We’re not being racist, the disgusting party line went, we’re simply defending the interests of the French working class. No wonder the fascists grew. In 2004, with support from the right and the Socialist Party, parliament rammed through a ban on wearing ­headscarves at school. The centre right, centre left and even sections of the far left argued that Muslim practices were a threat to the “Republic”, to secularism and women’s rights.

In the first round of this year’s election, the main parties defended a system whose crisis increased unemployment and uncertainty. At the same time as legitimising fascist policies, they fuelled the despair and disillusionment it feeds on. In his book Marxists In The Face of Fascism, David Beetham writes that the ­connection between fascism and the ­mainstream right within a parliamentary system can take two forms—“succession and simultaneous interaction”.

He adds, “Reaction tends to be fuelled, not exhausted, by concessions. “A different process of ­interaction takes place where the presence of a fascist ­movement enables a parliamentary regime to win support for reactionary measures. Both forms of connection, successive and reciprocal, were exemplified in Germany between 1929 and 1933”—the rise of Adolf Hitler.

The fascists are advancing in other ways. Traditional fascist strategy requires a street army, initially separate to the state forces, to smash the left and to harass and murder scapegoats such as Jews, Muslims and migrants.

Le Pen does not have that at the moment, but there are glimpses of the potential. Far right group Generation Z, who are mostly young ­supporters of Zemmour, have ­carried out attacks on the left, LGBT+ people and anti-racists. Far right supporters ejected a left wing student occupation last week.

The state machine is also infested with fascist ­supporters. A group of retired generals published a declaration last year which threatened an intervention by the army in the face of what they called “the ­disintegration which strikes the fatherland”.

Five more years of Macron increasing the pension age, attacking benefits, ­targeting Muslims and confronting ­working class organisations will give the fascists further opportunities. The warnings are clear.

Opportunities to challenge Le Pen were lost

The failures of the left are the other side of the fascists’ rise. One obvious mistake was not to clearly identify Jean-Marie and then Marine Le Pen as Nazis, rather than simply “just another right wing party”. It would then follow that all working class organisations should unite in action to propagandise and organise against the fascists, break up their meetings and confront them in the streets.

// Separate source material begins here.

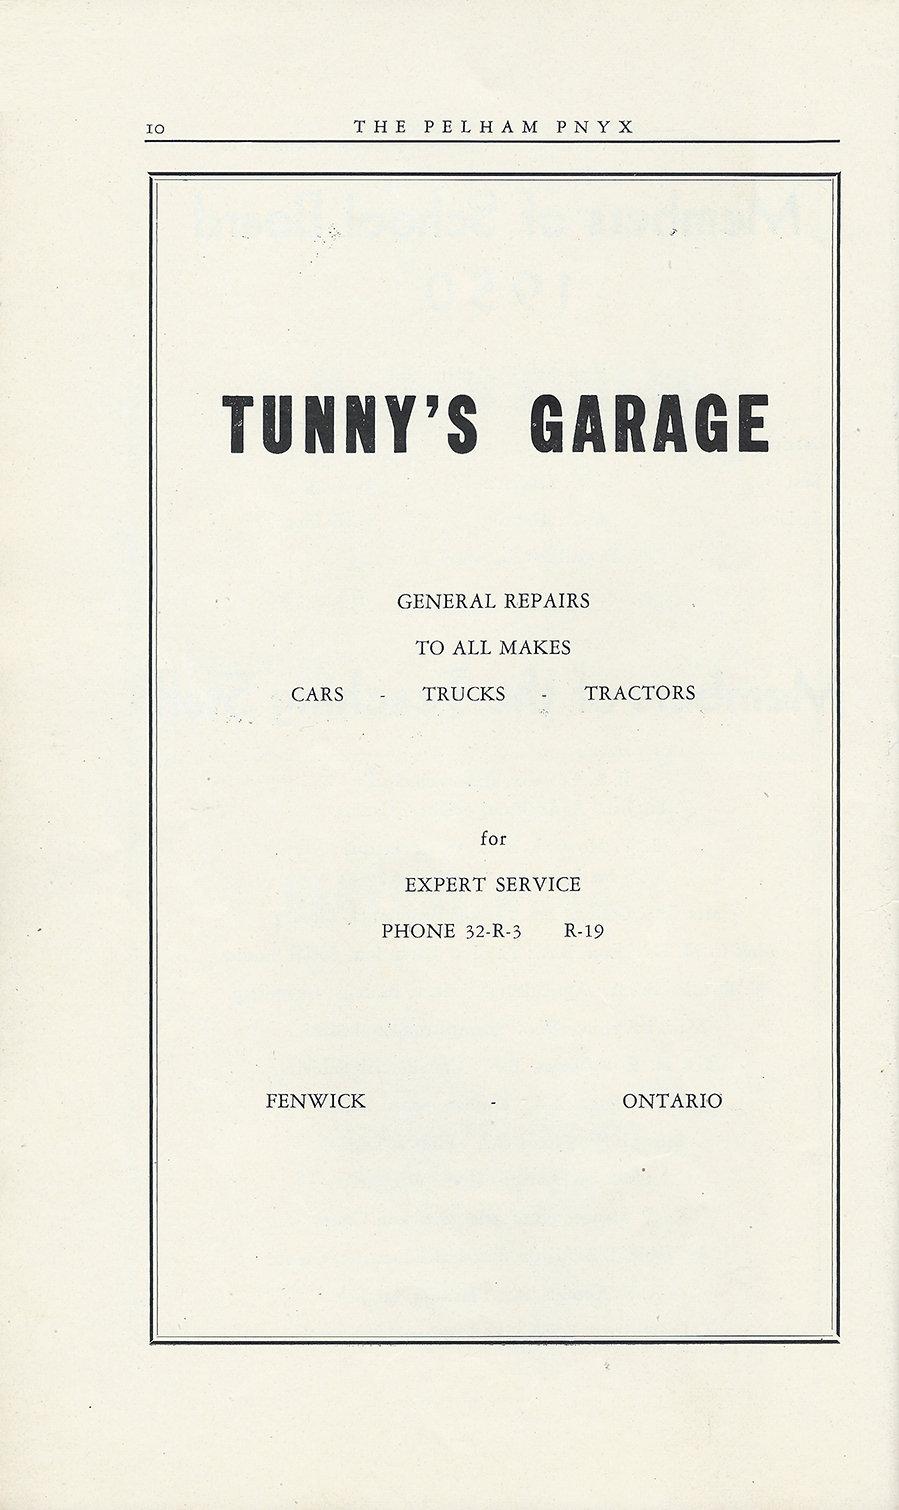 Pelham Pnyx Advertisements - Tunny's Garage

When, in the 1980s and 1990s, anti-racists did mobilise in large numbers, it was seen as merely an auxiliary to the Socialist Party’s campaign. But the equivalent of the Labour Party betrayed its supporters when it ruled in recent decades and has now virtually disappeared. It took just 1.74 percent of the vote two weeks ago.

Its rule for the rich propelled millions of working class people into accepting the fascists’ lies. Now there is a huge responsibility on left wing challenger Jean‑Luc Melenchon who won 22 percent in the first round of the presidential vote, just 420,000 behind Le Pen.

He pulled big numbers of working class people in the big cities behind him, with queues to vote for him in some areas. And 69 percent of Muslims who voted backed him. This force could have been mobilised in mass demonstrations.

Melenchon could have said, whoever wins on Sunday, take to the streets, don’t go to work on Monday, make it a day to signal that you won’t bow down to the fascist or the banker. Instead Melenchon remains utterly fixated on elections. He has called on voters to make him prime minister in the legislative elections in June and is seeking an electoral pacts with the Communists, the Greens and the NPA far left party.

Such manoeuvres won’t be a barrier to the far right. The crucial battleground in the next five years will be in the workplaces and the streets. It will mean building on the Yellow Vest movement, the 2019 strikes against pension attacks, the women’s, environmental and anti-racism movements. Such struggles have to be a basis for the political challenge to all the traditional forces.